MALAYSIANS are combative when it comes to their position on the use of the English language.
Some groups are battling for the increased use of English. Others insist that the use of English must be scaled down to elevate Bahasa Melayu (BM) in every sphere of governance, education and commerce.
Then there are those who assert that Mathematics and Science must be taught in the colonial tongue. The there’s the people interspersing English and BM in the same sentence.
This is the rough-and-tumble English-BM landscape confronting Prime Minister Datuk Seri Anwar Ibrahim after he implored the Education Ministry to improve English proficiency in schools.

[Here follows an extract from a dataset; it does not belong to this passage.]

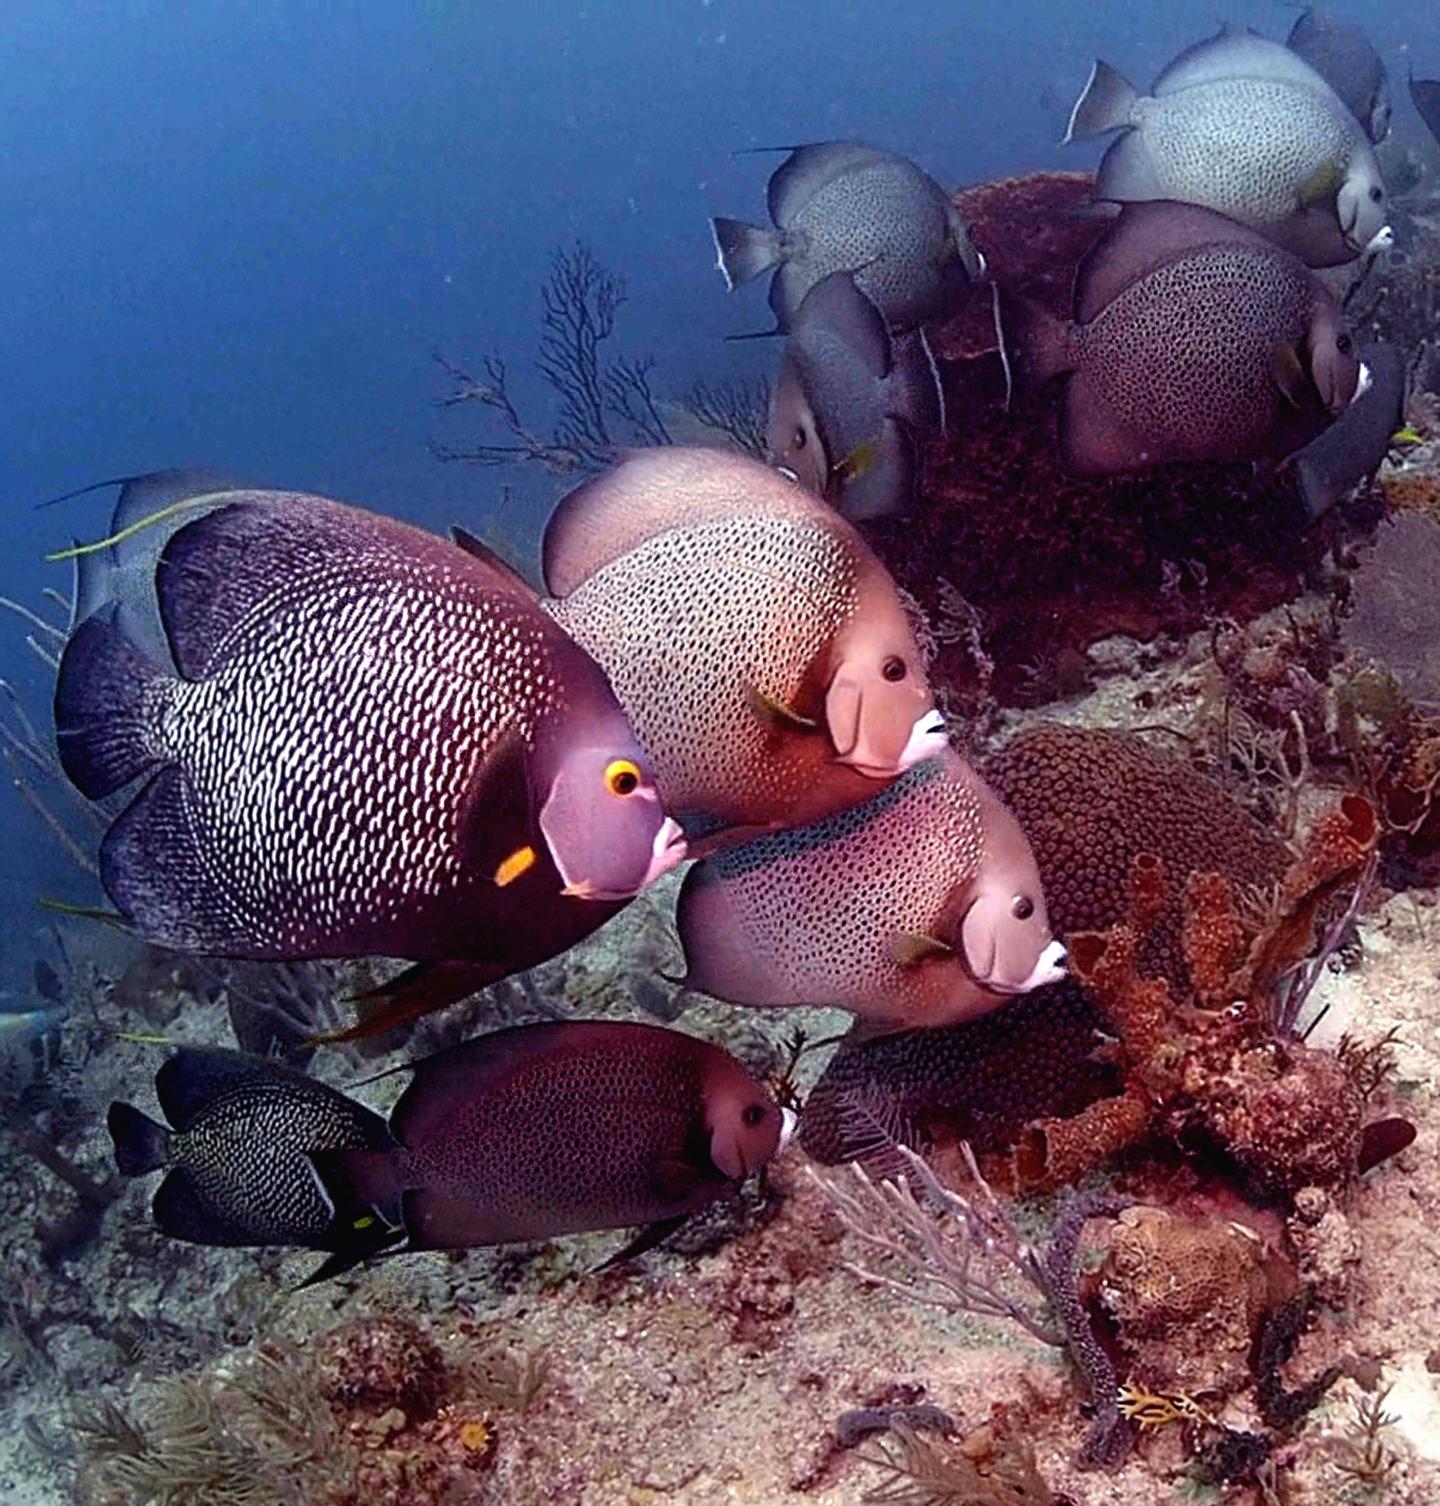 French and Gray Angelfishes Eating the Tube Sponge <I>Callyspongia vaginalis</I>

Anwar contended that English is “too critical and important”, even as BM is promoted as the national language. The PM’s concern is Malaysians’ poor proficiency in English, which is the global language of technology, commerce and diplomacy.
The Education Ministry’s task will be complex and confounding because Malaysians have blended English and BM into a cocktail of linguistic horrors to practitioners of the King’s English and BM.
Instructive words like rampaian, kehandalan, kekecewaan, maklumat, keluarga have to compete for usage with antologi, osom (awesome), frust (frustrated), informasi and famili, respectively.
What about the loads of English nouns that were co-opted on a bout of transformation (transformasi?) into official-sounding BM words?
Let’s face it: Malaysians are besotted with English (and American) pop culture to the point of adopting the accent, slang and quirks but not vocabulary, grammar and elegance.
Their “Manglish” is a hodgepodge of below average BM and bare English, with words or phrases extracted from lyrics and TV and movie dialogues of various Western selebriti.
Meaningful Malay words have been irreparably substituted by unnecessary English loan words throughout the decades.
Neglected is BM’s native lexicon, rich in cultural and linguistic heritage, but now hounded by English equivalents. This is the confusing state of English, and with it, the mindless chipping away of BM.
The solution is unavoidable: the whole government machinery must boost the parallel objectives of purifying BM and boosting good English.
If the government fails, a bizarre scenario might emerge in the future: to learn English, Malaysians need only to learn BM because by then, the two languages would have been truly fused.